If the Minister has no say over the rates charged by banks but if he is dissatisfied with their profits and if the speech by the Minister of State last weekend attacking the banks is in the Cabinet's mind at present then the Government have a duty to do something about it. It is not good enough to send out a Minister of State to make a speech attacking the banks if there is no follow-up to it. The Minister concerned is Minister of State in the Department of Justice. He is a man who is new in his job and whose brief encompasses law reform vaguely and there are many other things he could talk about in his own Department as a Minister holding a new portfolio and a new set of instructions that would be of interest. Why was he chosen to deliver this speech which is an attack on the banks? This is a cowardly way to go about it by the Government.
If the Government are dissatisfied with the way the banks are behaving, as the Minister for Industry, Commerce and Tourism appears to be, they should come out as he did and attack them frontally. If a section of the Government feel as that Minister does, they should say so and not use a Minister of State to throw the mud they have made into balls. It is not fair to the Minister concerned nor does it help to inspire confidence by the financial institutions in the Government. No doubt the Minister will say that my interpretation of this is not correct and that the Minister of State decided to make this speech, that it was his own personal feeling and that he had nothing else to talk about in his Department and decided to attack the banks. If the Minister for Finance says that I will have to accept it because I would not know any better.
The financial institutions are entitled to know whether the Government have confidence in them or not because there are contradictory sounds coming from the Government about the banks. The public are entitled to know whether the Government have any authority over the banks and, if they have, if they intend using it. If the Minister for Finance whose job it is, and not that of the Minister for Industry, Commerce and Tourism, says that he has no intention of interfering with the pricing mechanism of the commercial banks that might be the right decision. It is obviously the advice he got from those who are advising him in this regard, the Central Bank. If there is such a thing as Cabinet responsibility and united Government, the Minister for Finance, for the sake of his pride if not for the sake of the unity of the Government, should not allow himself to be humiliated by speeches such as those made over last weekend by the Minister for Industry, Commerce and Tourism and the Minister of State, Deputy O'Doherty. If there are two Ministers attacking the banks while at the same time he is saying that he has confidence in them and that they are doing the right thing according to the advice he is getting, he should go to the Taoiseach and ask to have them removed from office or to shut up. It may appear politically clever for the Government to be speaking out of both sides of their mouths at this time. That is the kind of chicken that comes home to roost and the kind of trickery that can only damage the very sensitive set of balances that keep an economy moving forward.
I advise the Minister, and say this without any political partisanship, that if he does not establish that he is the one dealing with the financial institutions and ensure that his Cabinet colleagues and junior Ministers shut up about matters that are purely in his area of responsibility, then we will all suffer from that in the future. There must be confidence and an element of trust between the financial institutions and the Government of the day. That is essential. If the financial institutions feel that what the Minister for Finance says does not really matter because there are people sniping away at him in the background for other reasons, that will damage the economy in as much as it will be another straw in the wind of damage being done by the Government. What the Government do affects the country and if the country is damaged everyone suffers.

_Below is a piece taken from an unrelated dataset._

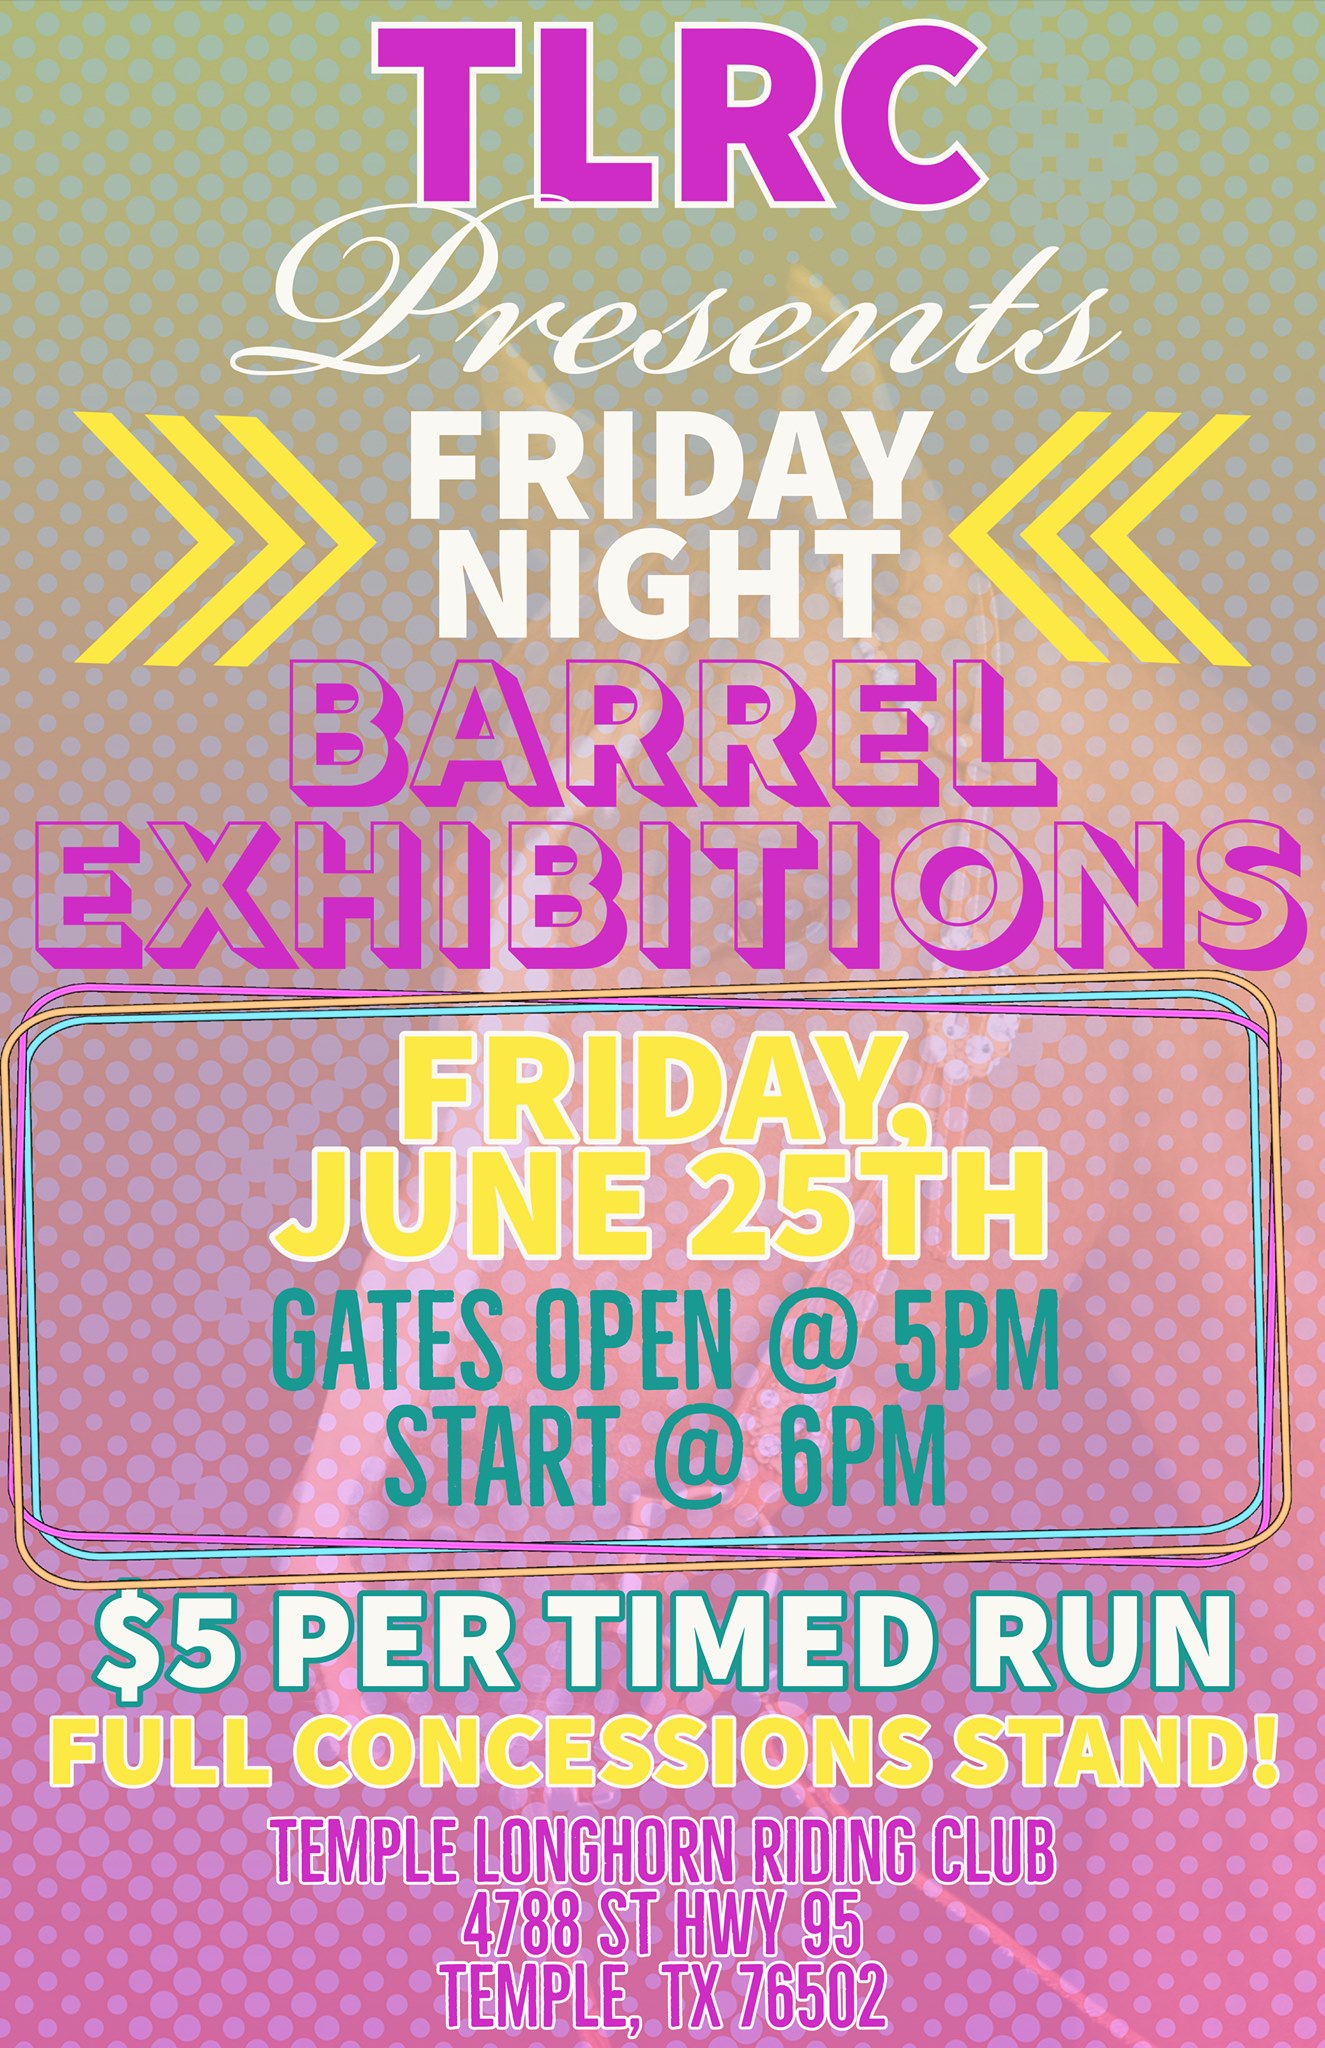 TLRC Friday Night Barrel Exhibitions 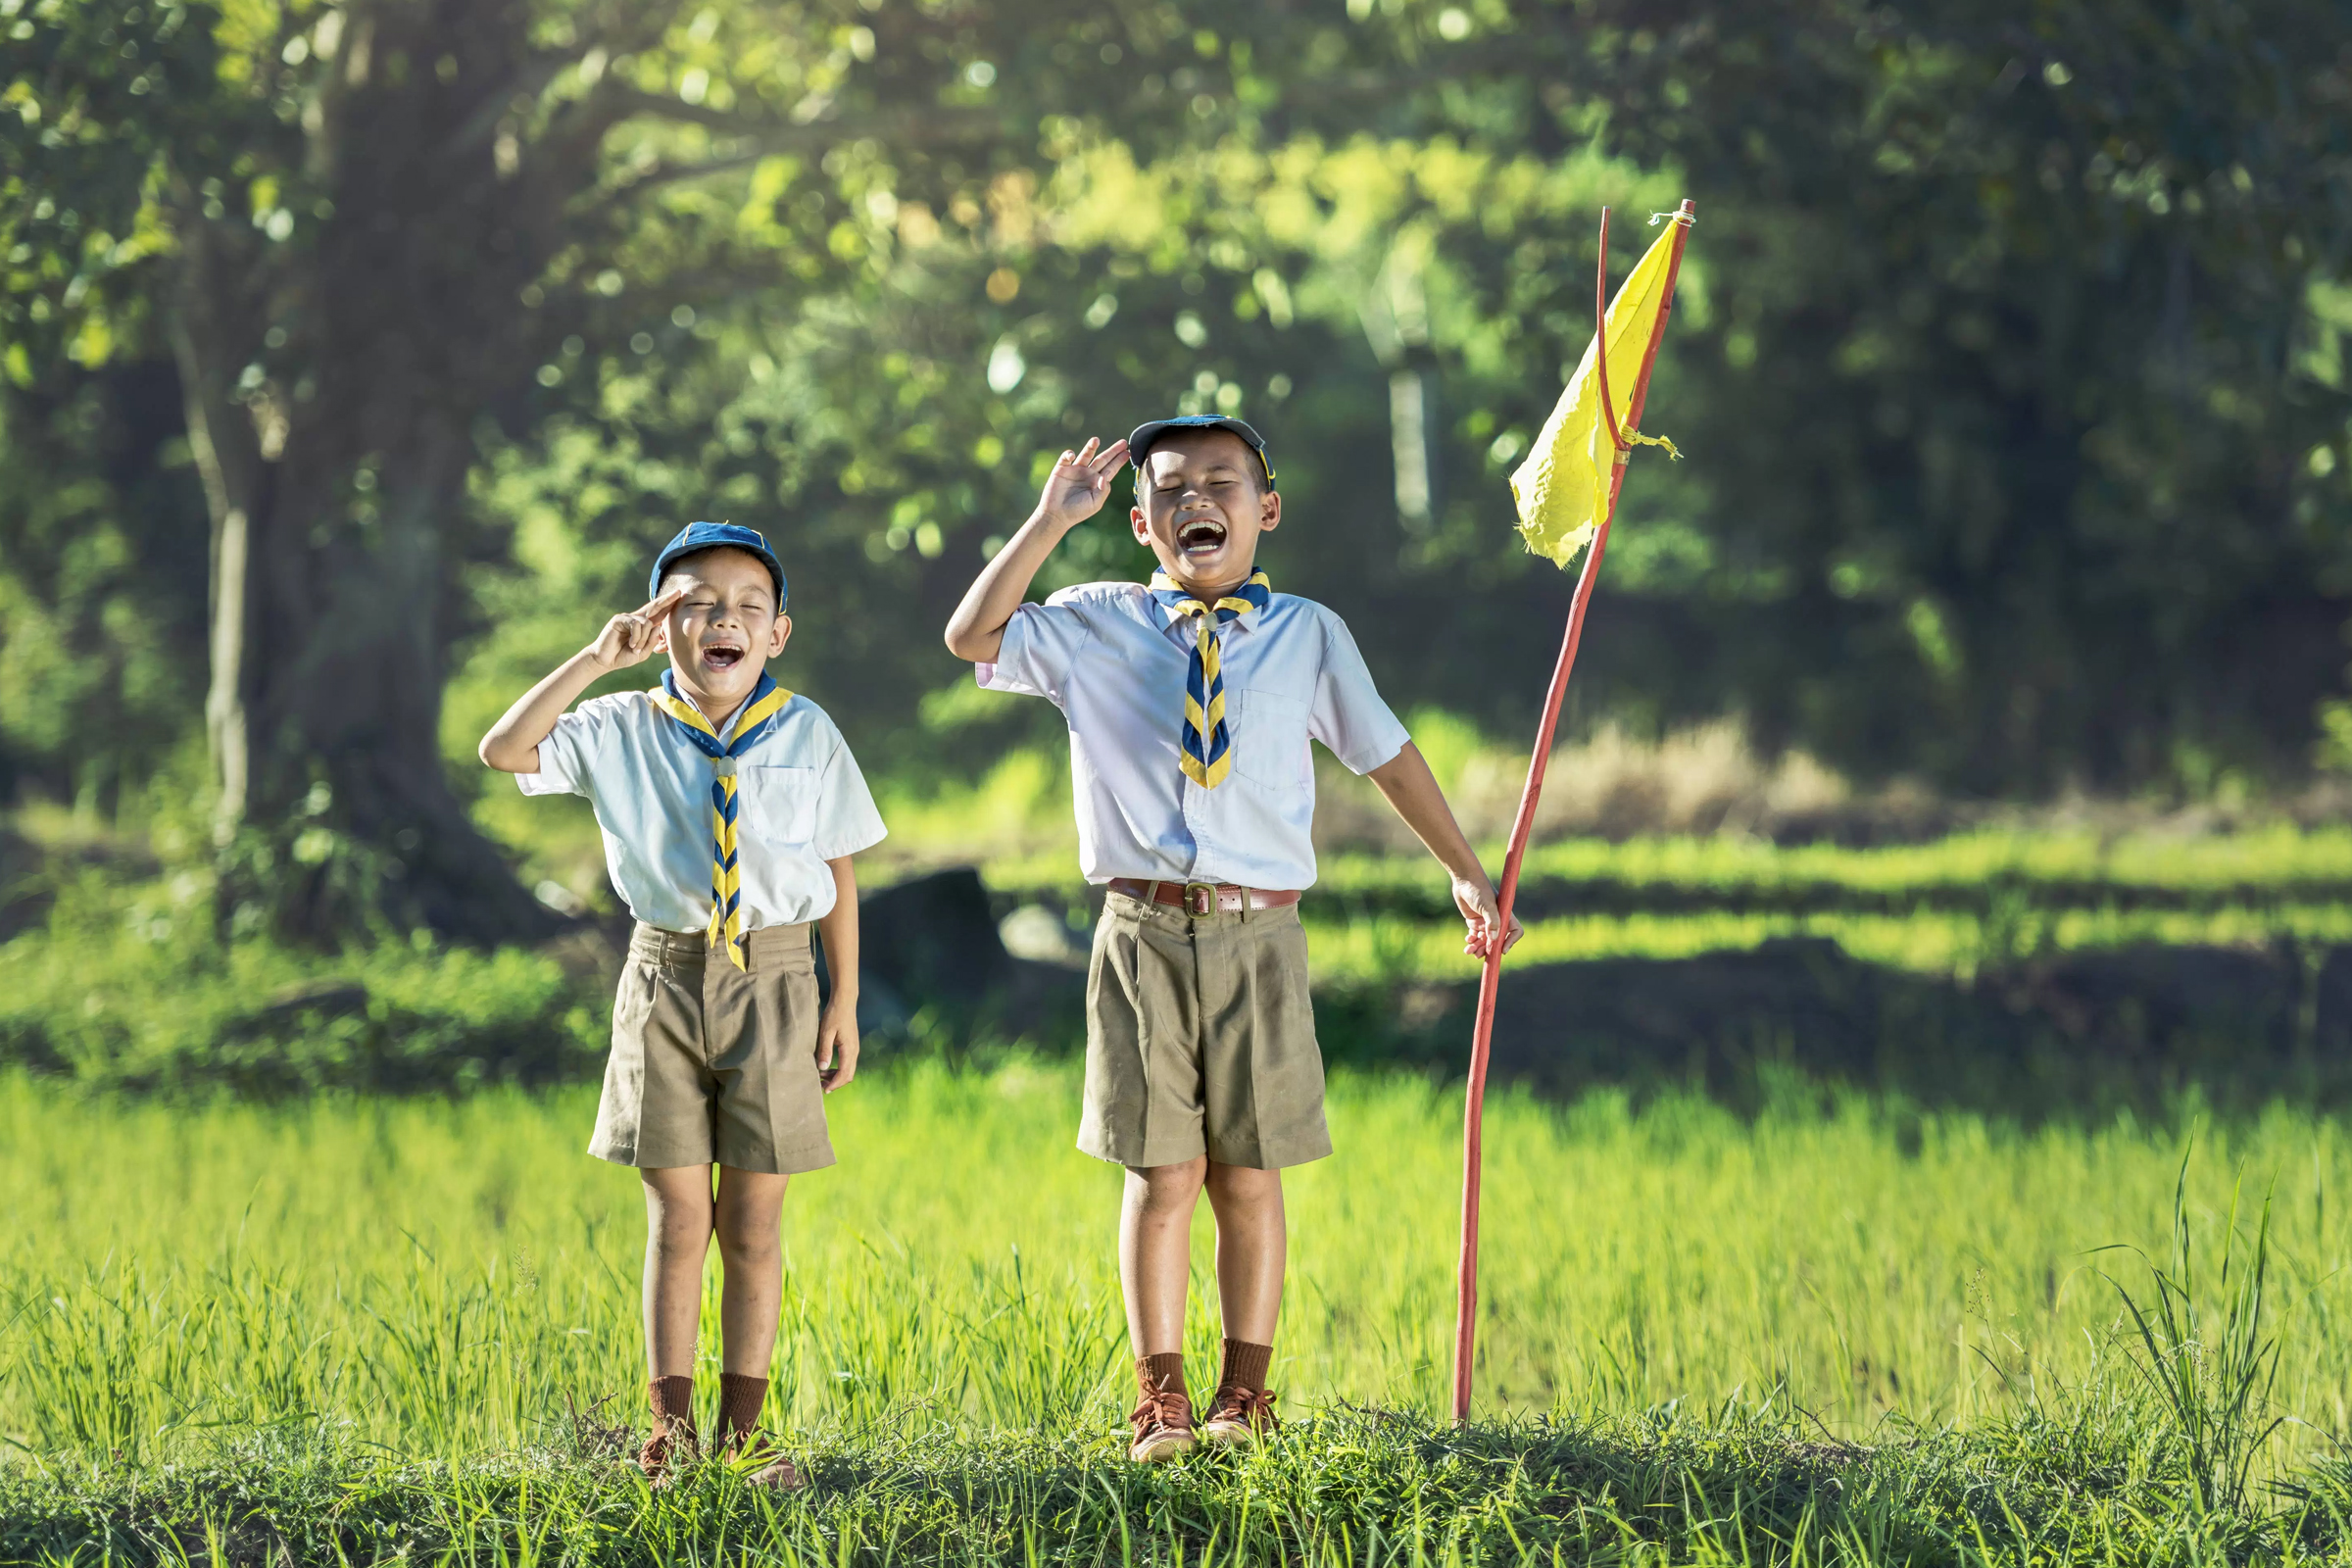 WEB SCOUT BOYS LAUGHING ©SasinTipchai-Shutterstock

A savage battery of indirect taxations were imposed in the budget. They will have a serious and damaging effect on the economy because of their effect on inflation which is the number one enemy not just in this country but in others as well. If we do not bring our level of inflation down to the same rate as that of our main competitors in external markets we cannot survive as a nation. Jobs will be lost as sure as God made little apples.
The country can only expand its work force by expanding industry and can only expand industry by finding new export markets. That is a truism. If we do anything that damages—there is a lot in the budget that does—that prospect of remaining competitive on our home markets with imported goods or on our export markets with the people we have to compete against, then the prospects for the economy and employment are not good.
There have been many assessments as to the effect on the cost of living of the measures introduced in the budget. If we take the most favourable one, that produced by the Government, at 3.8 per cent which is just the effect of the increased prices as a result of the tax imposed by the budget, that still means that the year-on-year inflation rate by mid-May will be coming up towards 20 per cent. This is at a time when our trading partners in the EMS have inflation rates in some cases of only one-third of that. That does not take into account the effect the 3.8 per cent increase in the budget will have on other costs and the snowball effect it will have on the inflation figure as it works its way through the economy for the next 12 months.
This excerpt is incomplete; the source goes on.